Background information
- Born: Imampasha Vakharbiyevich Alimsultanov June 22, 1957 Kirghiz SSR, Soviet Union (present-day Kyrgyzstan)
- Died: November 10, 1996 (aged 39) Odesa, Ukraine
- Genres: Chechen music, Folk music, Bard
- Occupation: Singer
- Instruments: Voice, guitar
- Years active: 1980-1996

= Imam Alimsultanov =

Imampasha Vakharbiyevich Alimsultanov (Алимсултанов Вахарбин кӏант Имампаша; Имампаша Вахарбиевич Алимсултанов) (June 22, 1957 – November 10, 1996) was a popular Chechen bard and folk singer.

==Biography==

Alimsultanov was born to Chechen parents in the Kirghiz SSR in 1957. His family, which belonged to the Zogoy teip, had been relocated as a result of the forced deportations of most Chechens and Ingush to Central Asia on February 23, 1944. His father, Vakharbi, was born in 1926 in the village of Bonay-Aul, located in the Aukhovsky District of central Dagestan, bordering Chechnya. Imam's mother, Aishat, loved him very much. After he was killed, her health started to deteriorate, but she recovered. She had 7 sons and one daughter named Iysita, who dutifully cared for her until she died in 2020 at the age of 92, having outlived her husband and five of her sons, including Imam. At least 26 members of the Alimsultanov family were victims of Soviet political repression, including deportation.

In 1958, as a one-year-old child, he returned to Chechnya. He completed secondary school in the Chechen capital Grozny. Alimsultanov later graduated from the Polytechnic Institute in Rostov-on-Don and worked as a land reclamation expert. He was a devout person throughout his life, and avoided drinking alcohol as well as smoking.
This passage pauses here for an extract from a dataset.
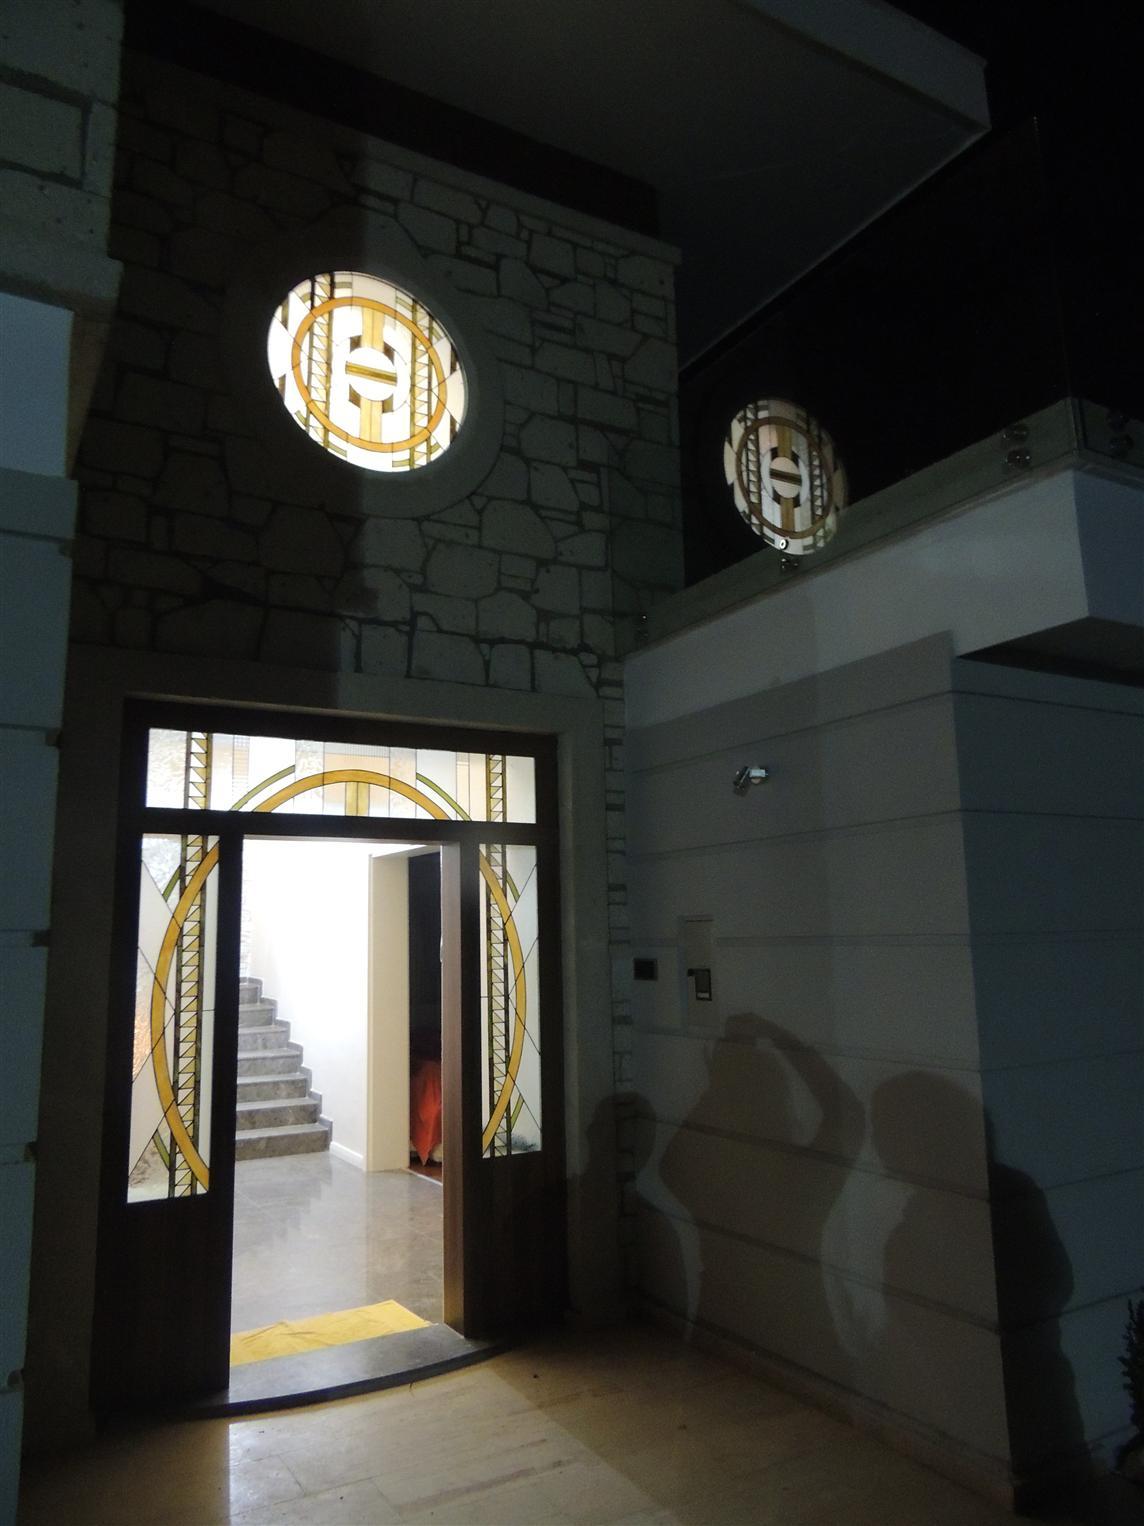 izka-insaat-life-port-evleri201592116503384.jpg izmir vitray çalışması

Alimsultanov started his musical career in the mid-1980s after having started to study music. He studied illi, a traditional Chechen genre, the main components of which are recitatives, legends, and tales about heroes accompanied by a three-stringed instrument called the phandar. Instead of a phandar, however, Alimsultanov used a guitar. In addition to performing folk songs and his own lyrics, he also wrote songs based on the poems of Umar Yarychev, Musa Geshaev, and other prominent Chechen poets. Unlike fellow Chechen bard Timur Mutsurayev's songs, Imam's music tended to be closer to traditional Chechen music. Some of his most popular songs include "Gazavat", "Dagestan", "Joƶalla ya marşo" (the anthem of the Chechen Republic of Ichkeria), and "Gunib".

With the start of the First Chechen War in December 1994, Alimsultanov was briefly detained after a performance and sent to a Russian filtration camp in Khankala. Even though he only stayed there for one night, he was humiliated and beaten. Alimsultanov performed for Chechen fighters during the war, among the most popular of his songs was one titled "Allahu Akbar", which specifically refers to the Chechen struggle for independence against Russia. At the request of Chechen President Dzhokhar Dudayev, accompanied injured fighters to Turkey, and performed extensively in Istanbul, collecting money for injured Chechen fighters.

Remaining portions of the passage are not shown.